Genotype-phenotype correlations showed that RTHβ can be caused by both truncating and missense variants, which are mainly located at the common domains in the TRβ1 and TRβ2 isoforms, the LBD domain and the contiguous hinge region (Weiss et al., 1993). In contrast, the variant identified here, c.283 + 1G>A, is predicted to disrupt the N-terminal A/B domain of the TRβ1 isoform. This region shows promoter- and cell-specific activity (Aranda and Pascual, 2001) and is target for numerous post-translational modifications including phosphorylation, SUMOylation, and acetylation (Weikum et al., 2018). We hypothesized that the c.283 + 1G>A variant could impact retinal-specific functions mainly involved in cone viability without a major affectation of cone subtype specification that is mediated by TRβ2. In fact, a recent study experimentally demonstrates that TRβ1-knockout mice displayed only minor changes in opsin photopigment expression (Ng et al., 2023), resembling what we observed in our patients. Authors suggest that TRβ1, the predominant TRβ isoform at mature ages, may have a role in the survival of both cone photoreceptors and retinal pigment epithelium cells (Ng et al., 2023), as described in other retinal degeneration models (Ma et al., 2014; Ma et al., 2017; Ma et al., 2022), and now in the IRD patients of our cohort. Of note, only two putatively pathogenic variants have been identified in the TRβ1 N-terminal domain in patients with congenital hypothyroidism and thyroid dysgenesis (Zhou et al., 2018). However, the young age of these patients, the lack of an ophthalmologic evaluation, and the VUS status of these variants hampered the proper establishment of genotype-phenotype correlations. Here, we report the first likely pathogenic splicing variant in THRB, which also affects only the TRβ1 isoform, reflecting both the extraordinary intolerance to variation of this gene and the high complexity of retinal functions mediated by the different THRB isoforms. Hence, it will be of interest to screen this and other THRB variants in IRD patients from different populations in order to evaluate the burden of THRB variants in additional IRD cohorts worldwide.

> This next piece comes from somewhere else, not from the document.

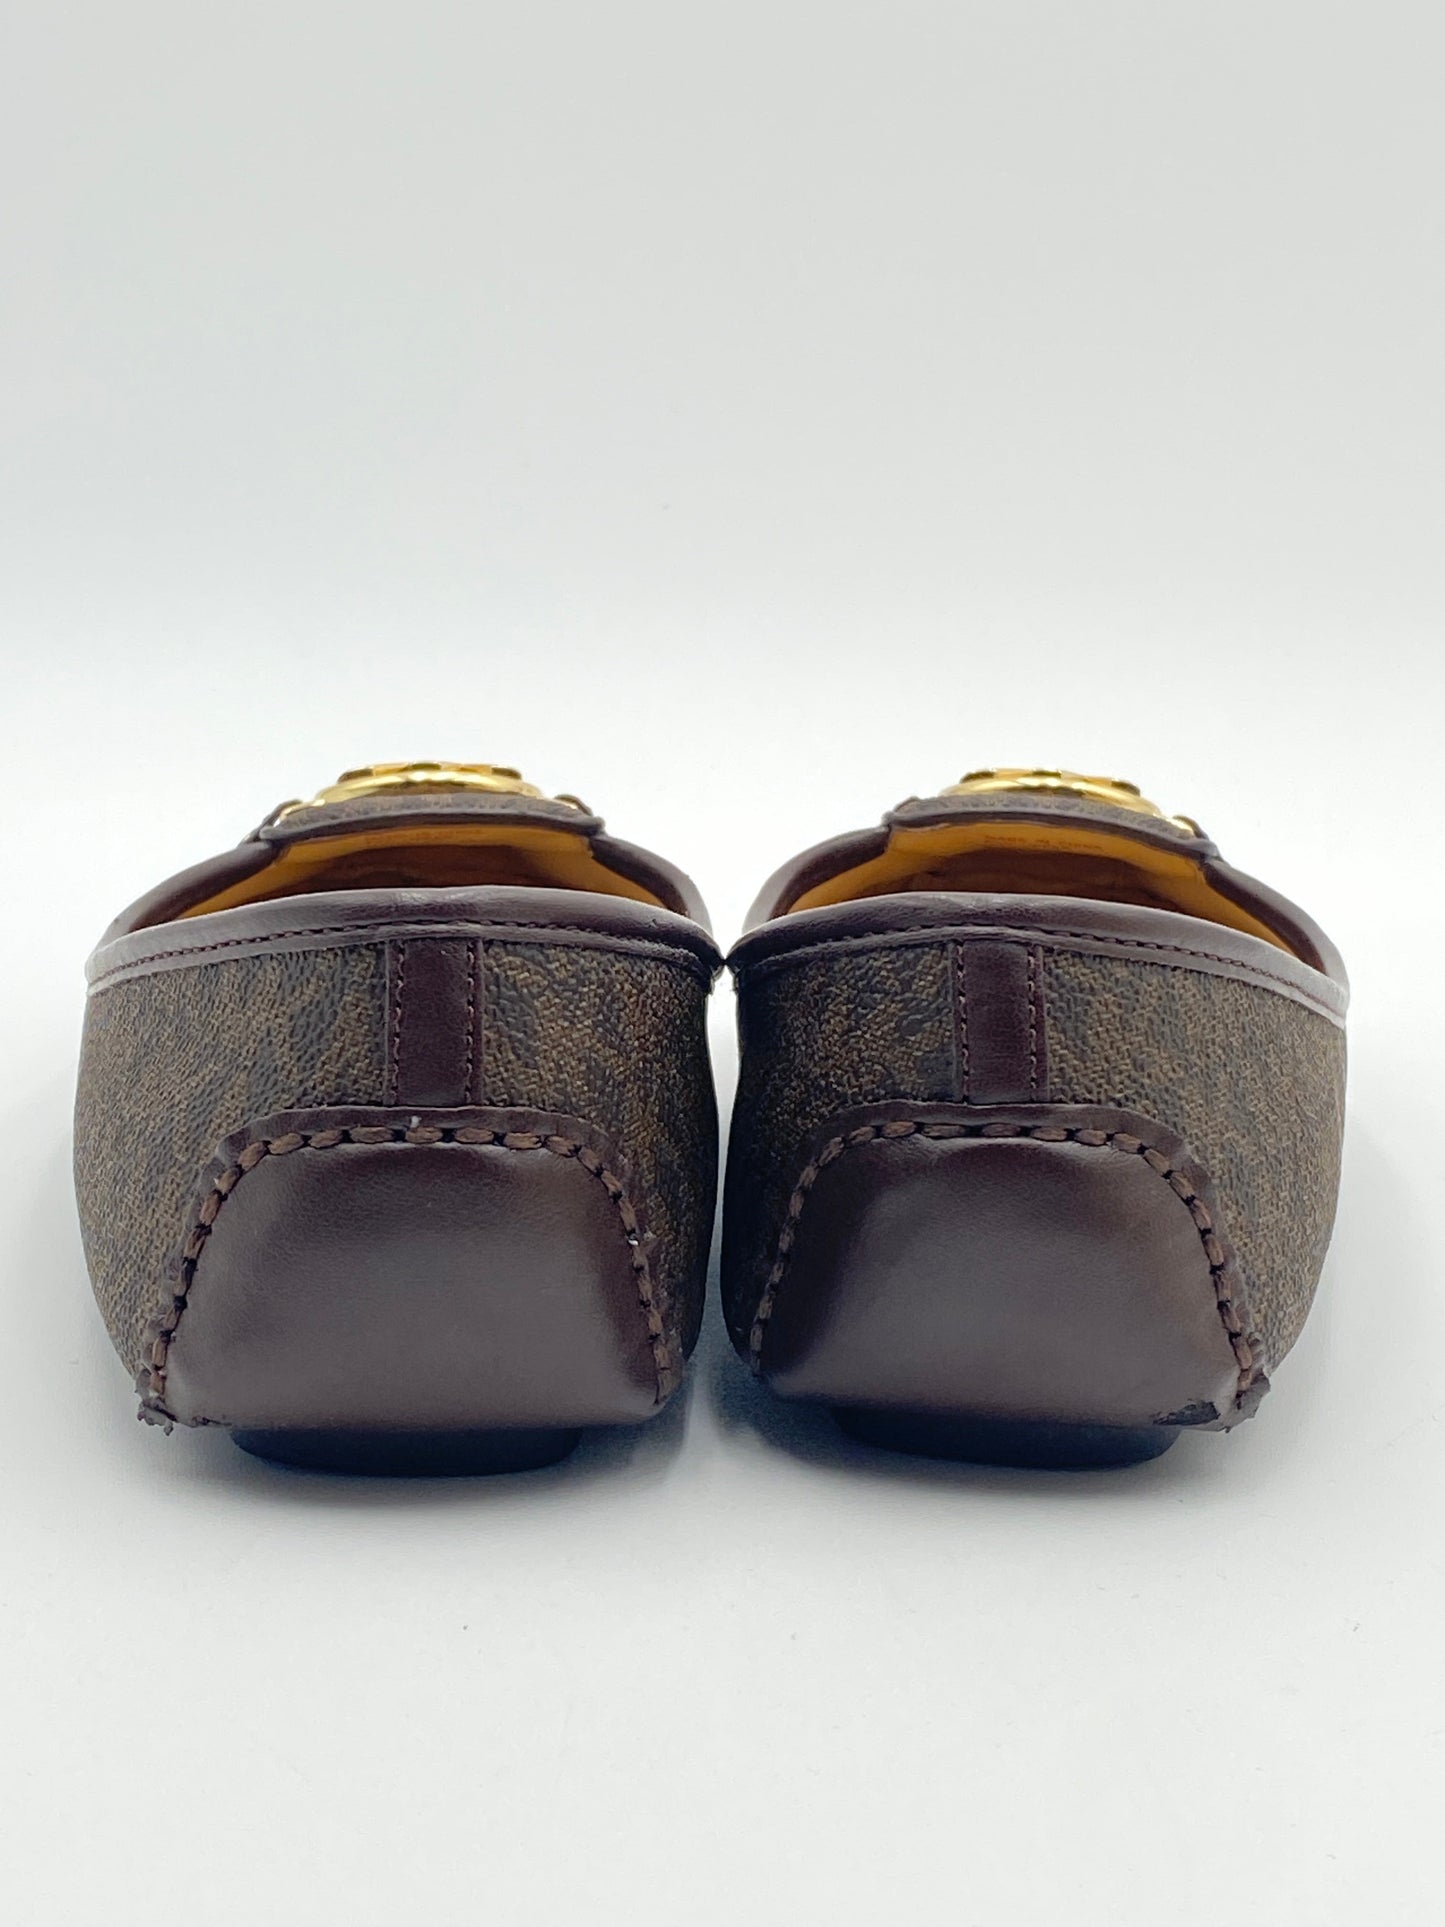 Brown Shoes Designer Michael By Michael Kors, Size 8.5

Also, dominant negative effects produced by THRB variants in RTHβ patients have been described and are possibly explained by the formation of heterodimers between normal and functionally inactive mutant receptor, which would diminish the activity of the resultant thyroid receptor (TR). This would reduce the amount of normal and potentially functional TR-T3 complexes and, therefore, higher concentrations of the hormone would be required to produce sufficient amount of hormone-saturated TR homodimers (Takeda et al., 1991). In fact, in this scenario, higher demands of thyroid hormones could trigger the activation of compensatory mechanisms like the increase of T3 levels, leading to cone apoptosis if this occurs in certain tissues like the retina (Ma et al., 2014; Ng et al., 2017). This is in line with previous findings that associated high T3 levels with an increased risk of age-related macular degeneration in human populations (Chaker et al., 2015; Gopinath et al., 2016). This is supported by the ocular phenotype described in our patients, who presented the photoreceptor layer thinning and the foveal cavitation without color vision alterations.
On the other hand, our work has also highlighted the importance of reanalysis of NGS data before proceeding with the generation of new genetic data using sequencing protocols such as WES or WGS in unsolved patients. In fact, the THRB gene was already included in the targeted diagnostic approach for these patients, but it was not routinely analyzed in IRD patients due to the lack of association. We conclude that sequencing of a smaller set of genomic regions during the diagnostic routine, may show some discovery potential for the identification of genes not yet associated to a particular disease, but routinely sequenced during the diagnostic process, resulting in the establishment of novel genotype-phenotype correlations.
To sum up, given the reported eye findings in a group of nearly 30 RTHβ patients (Weiss et al., 2012; Campi et al., 2017) and the demonstration that ablation of THRB in animal models induces retinal changes mainly consisting of cone differentiation defects, ophthalmological monitoring should be recommended together with an endocrine evaluation in patients with suspected THRB-associated syndrome. Similarly, likely pathogenic variants in the THRB gene, especially in the TRβ1 specific exons, should also be considered as disease-causing in patients with clinically diagnosed macular dystrophies, cone-dystrophy, or Stargardt disease with or without extra-ocular manifestations. We thereby expanded the phenotype of THRB pathogenic variants including a spectrum of IRD as the main clinical manifestation.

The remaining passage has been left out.